# 21 — US County: Mass Shooting Rate vs Population

Scatter plot with trend line exploring the correlation between population size
and mass shooting rates across ~100 of the largest US counties.

**Caveat:** Mass shootings are rare events. Rates are computed over a 5-year window
(2019-2023) but remain subject to small-count volatility.

In [1]:
import pandas as pd
import numpy as np
import plotly.express as px
import plotly.graph_objects as go
from scipy import stats
from pathlib import Path

DATA_DIR = Path('../data/processed')
df = pd.read_csv(DATA_DIR / 'merged_us_mass_shooting_data.csv', dtype={'fips': str})

plot_df = df.dropna(subset=['population', 'mass_shooting_rate']).copy()
print(f"Counties with both population and mass shooting data: {len(plot_df)}")

Counties with both population and mass shooting data: 101


## Scatter Plot — Mass Shooting Rate vs Population (log-log)

In [2]:
plot_df['log_ms_rate'] = np.log10(plot_df['mass_shooting_rate'].clip(lower=0.001))
plot_df['log_population'] = np.log10(plot_df['population'])

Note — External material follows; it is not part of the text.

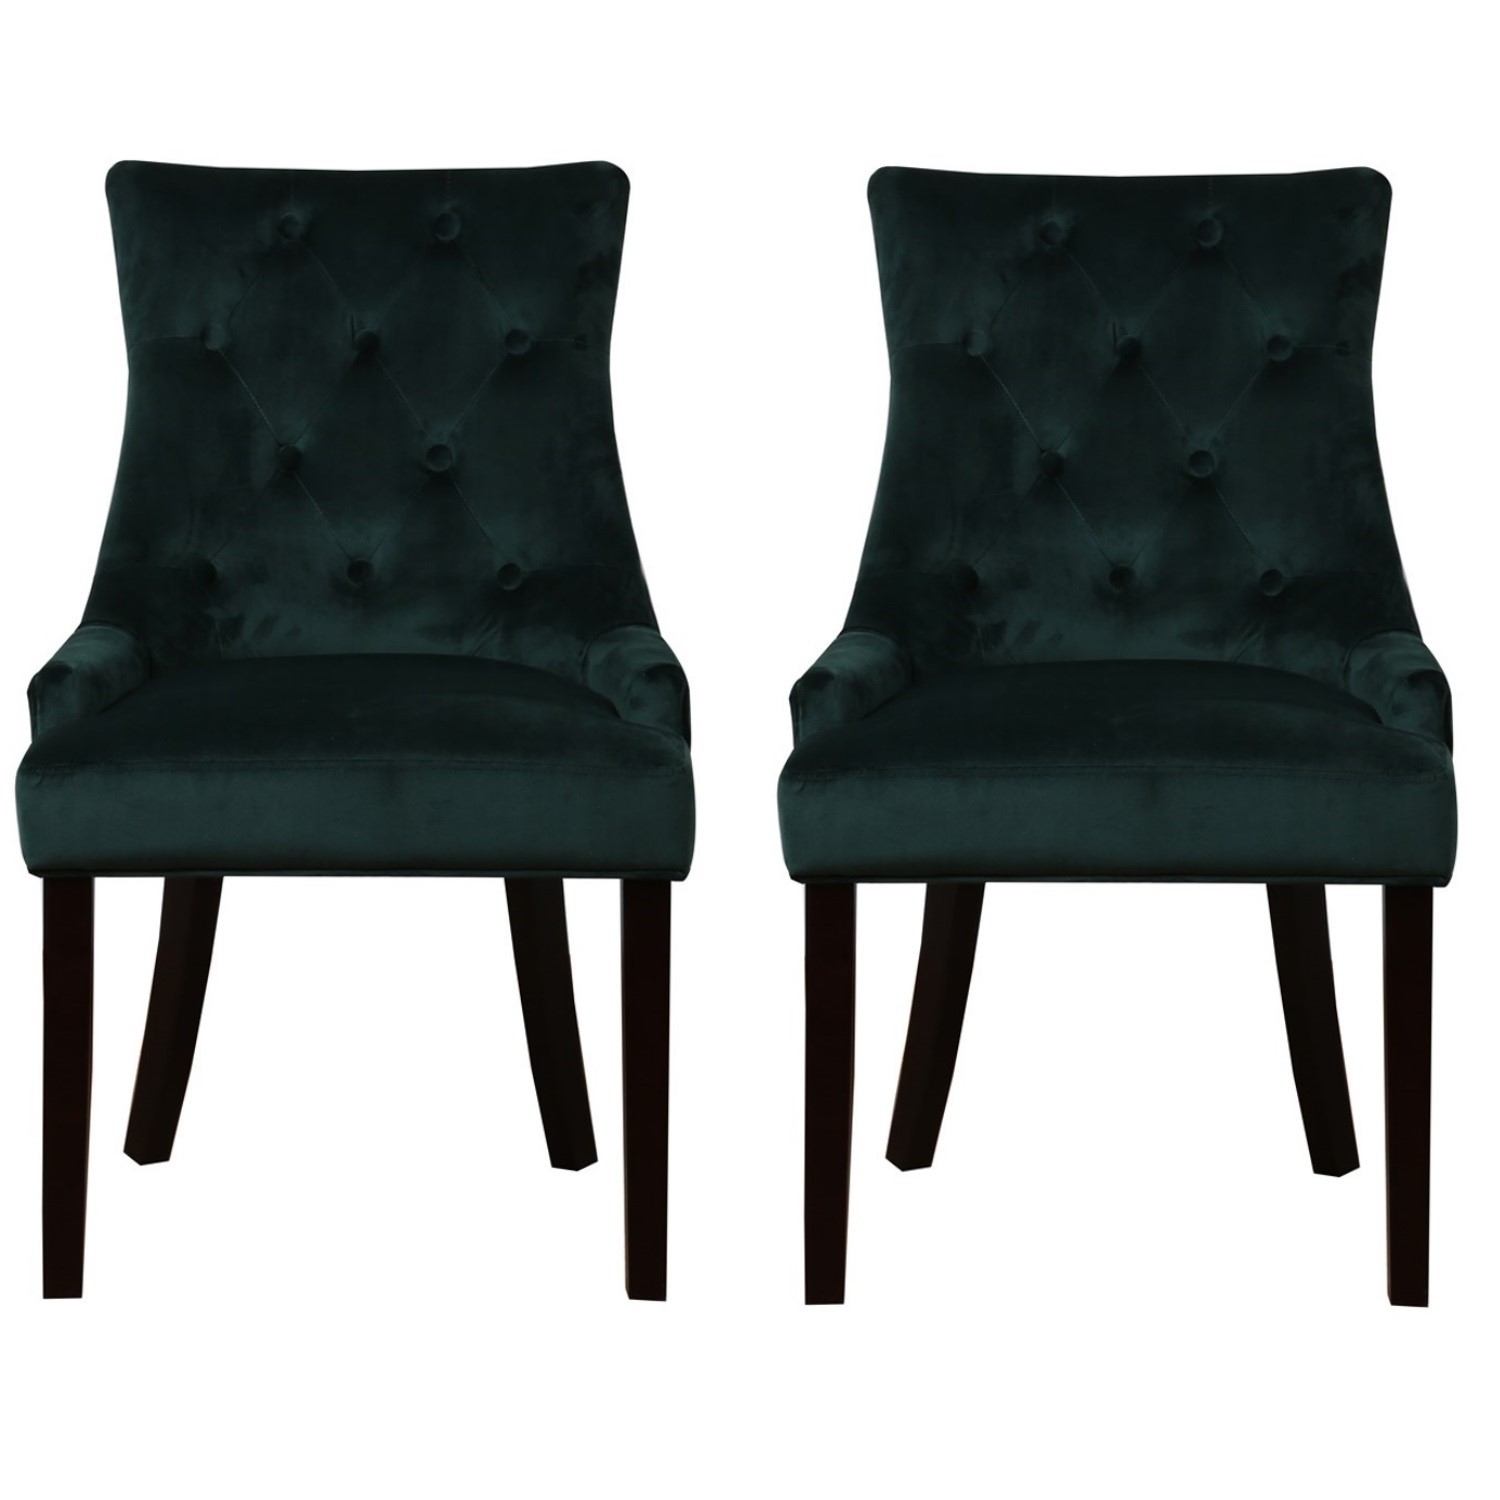 pair of buttoned green velvet dining chairs with black legs  kaylee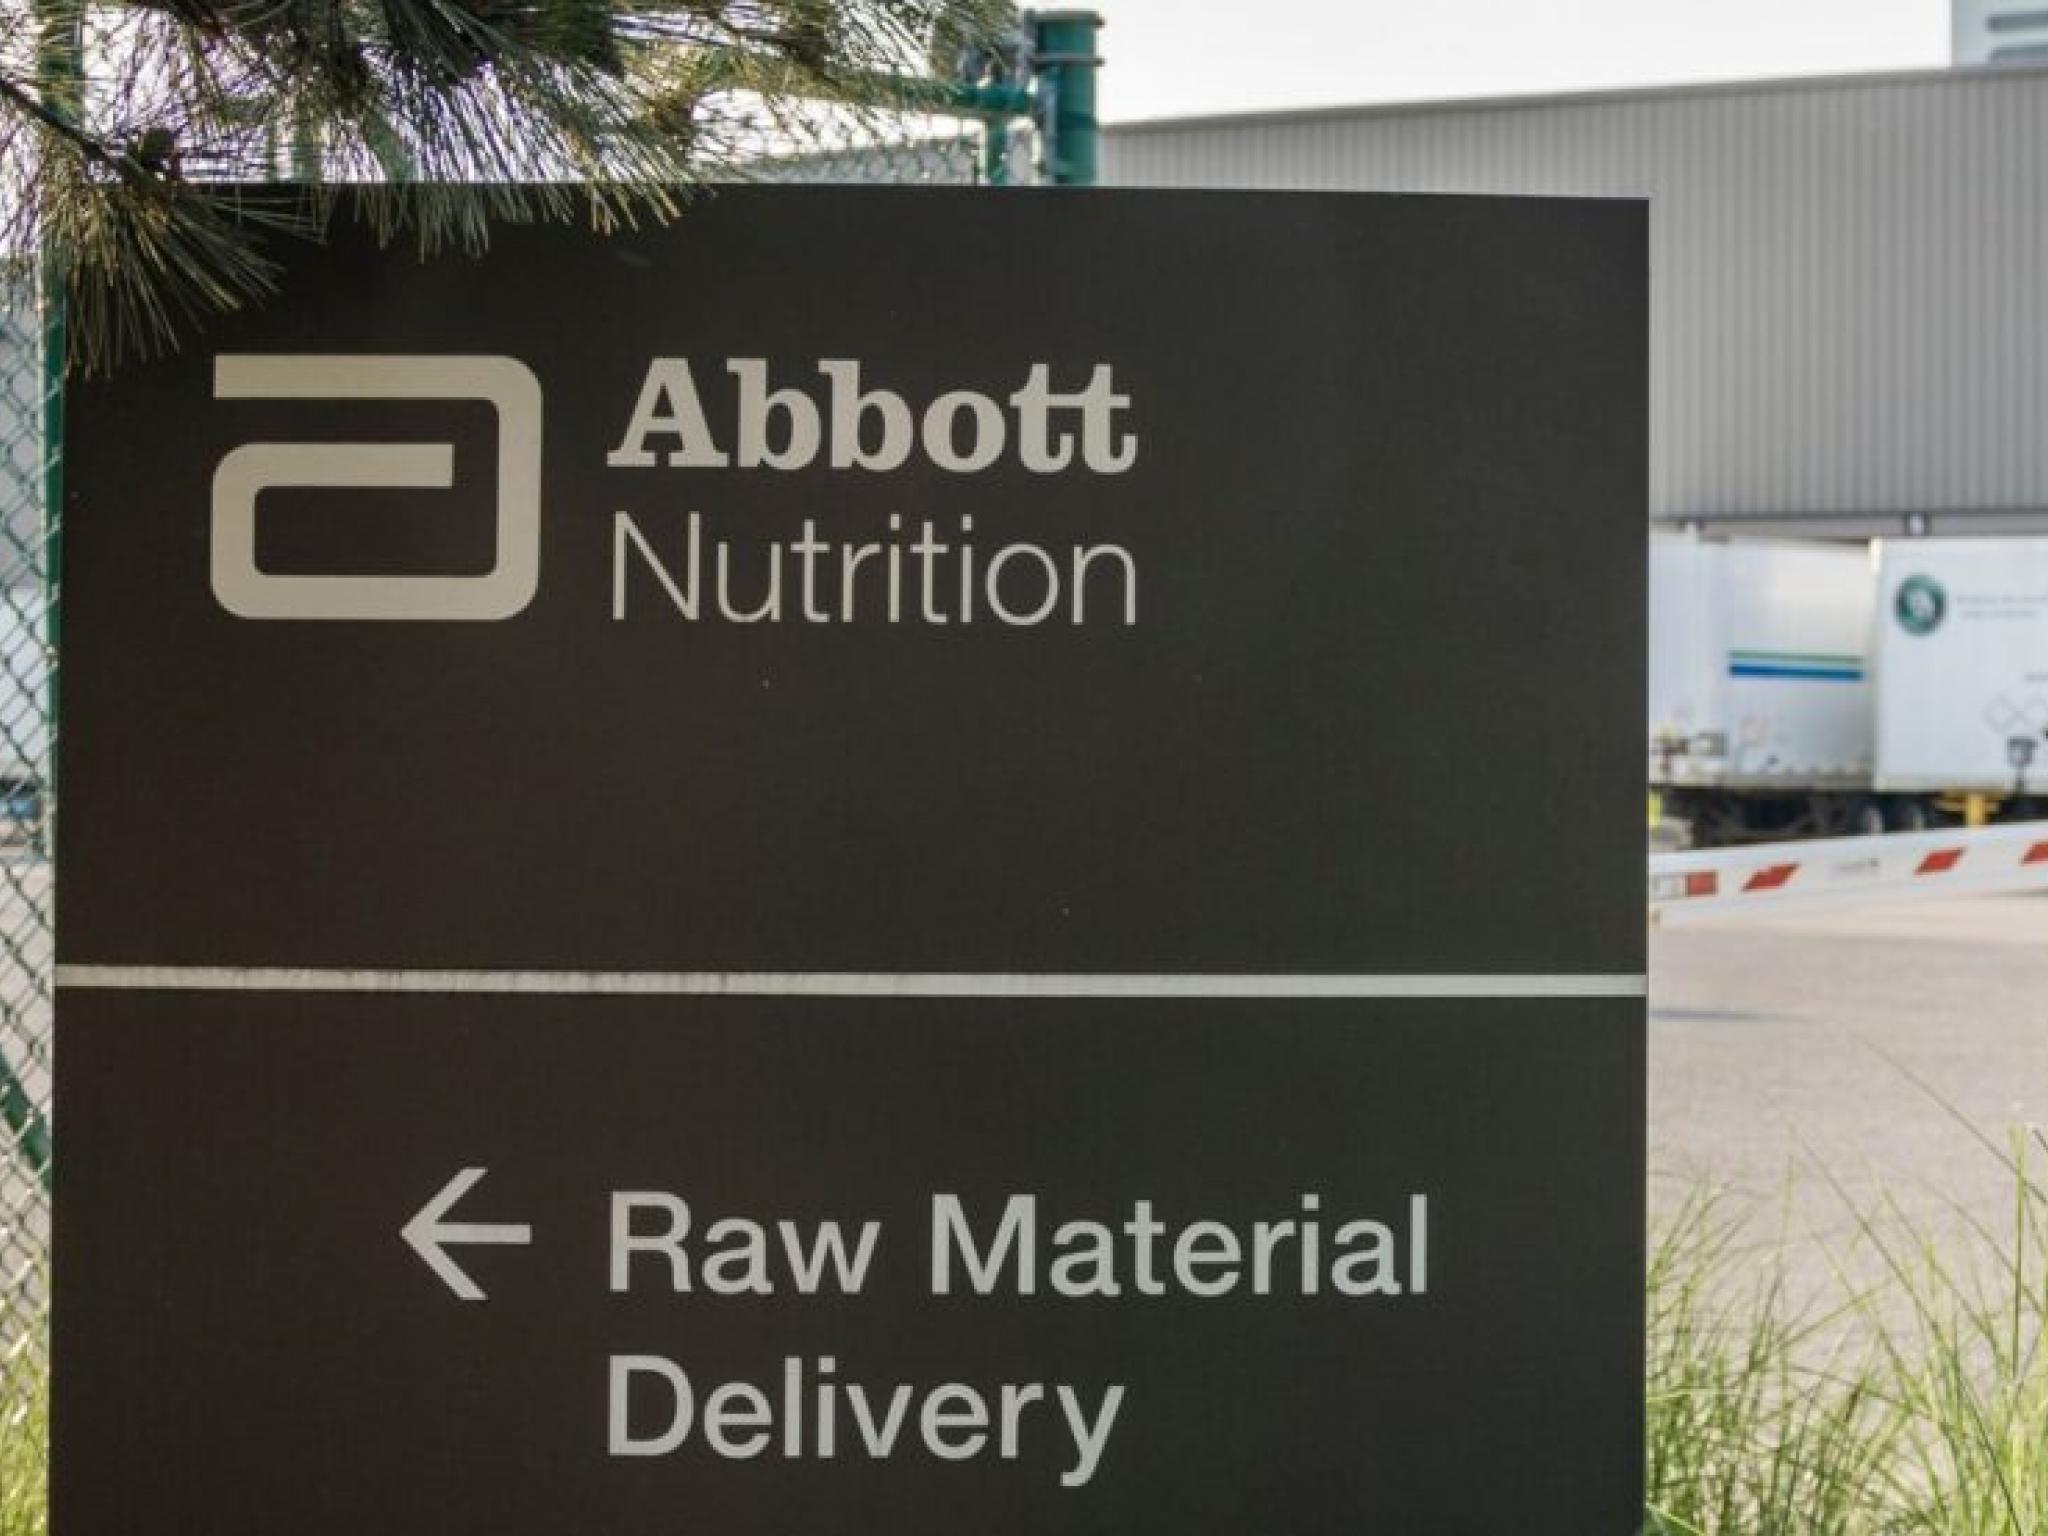  abbott-labs-q1-revenue-jumps-on-strong-medical-devices-sales-company-boosts-annual-guidance

slope, intercept, r_value, p_value, std_err = stats.linregress(
    plot_df['log_population'], plot_df['log_ms_rate']
)
r_squared = r_value ** 2

print(f"Linear regression (log10 population vs log10 mass shooting rate):")
print(f"  R\u00b2 = {r_squared:.4f}")
print(f"  p-value = {p_value:.2e}")
print(f"  slope = {slope:.4f}")

Linear regression (log10 population vs log10 mass shooting rate):
  R² = 0.0795
  p-value = 4.29e-03
  slope = -0.3187


In [3]:
fig = px.scatter(
    plot_df,
    x='population',
    y='mass_shooting_rate',
    color='region',
    hover_name='county_name',
    hover_data={'population': ':,.0f', 'mass_shooting_rate': ':.2f', 'state': True, 'region': True},
    log_x=True,
    log_y=True,
    title=f'Mass Shooting Rate vs Population — US Counties (R\u00b2={r_squared:.3f}, p={p_value:.2e})',
    labels={
        'population': 'Population (log scale)',
        'mass_shooting_rate': 'Mass Shooting Rate per 100K/yr (log scale)',
        'region': 'Region',
    },
)

x_range = np.linspace(plot_df['log_population'].min(), plot_df['log_population'].max(), 100)
y_trend = 10 ** (slope * x_range + intercept)
fig.add_trace(go.Scatter(
    x=10 ** x_range, y=y_trend,
    mode='lines',
    name=f'Trend (R\u00b2={r_squared:.3f})',
    line=dict(color='red', dash='dash', width=2),
))

fig.update_layout(template='plotly_white', height=600)
fig.show()